Malicious minds knew of course that as soon as things started to go badly for Cagliostro he would put her on the market. According to some, he had the generosity of her ‘patrons’ to thank for his subsequent, undoubtedly huge, fortune. In her numerous statements to the court Lorenza regularly mentions some gentleman or other approaching her with less than honourable intentions, while she, generally, defends her innocence and honour. Generally, we insist, because there was an occasion when she moved in with a lawyer called Duplessis, who maintained the two of them for a while until he became
bored with the whole business and had Cagliostro locked up as a fraudster. She then gave evidence against her own husband, denouncing him as work-shy and a
coquin
, and was detained at his request in the St Pelágia prison. But she later withdrew her allegation, and he withdrew his, she got out of prison, and they loved one another just as much as before.

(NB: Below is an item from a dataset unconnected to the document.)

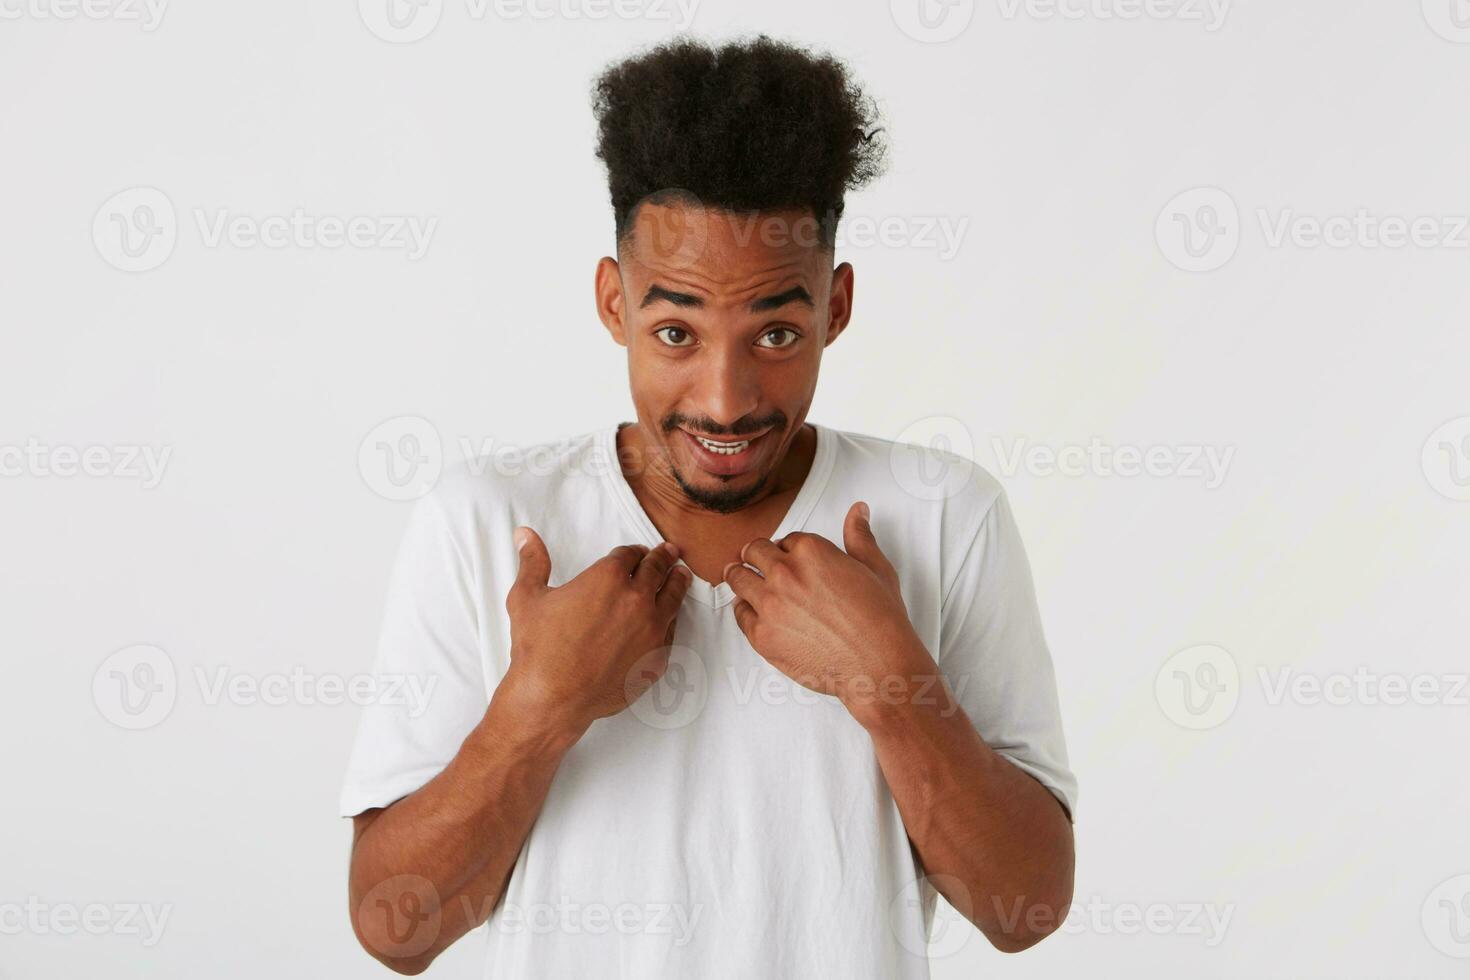 retrato do sorridente confuso africano americano jovem homem com afro Penteado foto

One story says that she turned one of her suitors away on the grounds that she couldn’t possibly betray her husband because he could make himself invisible and be present in more than one place at a time.

He certainly pops up in a great many places, whether passing himself off as a soldier in the Prussian army or as earning his living as a draughtsman and stage designer. He travelled to Madrid, made a pilgrimage to Santiago de Compostela, then returned to Palermo, where the jeweller Marano took him to court, but a powerful local prince (Lorenza’s admirer) beat up the prosecution lawyer and put an end to the case. Finally, in 1777, he turns up in London once again—and here the true story begins. If we can believe his detractors, he had up to this point been a mere petty swindler—an underworld figure, an insignificant member of the social underclass. But his wanderings had shaped his character. He had matured, gained much useful experience, and come to the point where, as Almeras puts it, he still lived by throwing dust in people’s eyes, but its quality was now very much finer.

The great change began on 12th April 1777, when Cagliostro and his wife were admitted to the Hope Lodge of Freemasons in London, whose members were mostly French and Italian craftsmen and manufacturers. It became the Archimedes point from which Cagliostro would move the world.

 

When, dear reader, you hear what follows about the Order of Freemasons, think of it as quite unconnected with whatever else you know (or believe you know) about the organisation.
Do not think of it now in terms of its links with the liberal-democratic powers, and whether those powers were the cause of past, present and future wars. In the eighteenth century the movement stood for something very different from what it later became. To support this argument we need only mention that most authorities are convinced that French Freemasonry had a strongly Catholic character from the outset. This meant that, by its rules, no atheist could be admitted to its ranks; and indeed, for all their supposed tolerance, no French lodge in the period admitted a single Jew. A later charge against the organisation is that it prepared the way for the Revolution. Quite how far that is true is difficult to determine, but what is beyond question is that the Revolution put a temporary stop to the working of the lodges.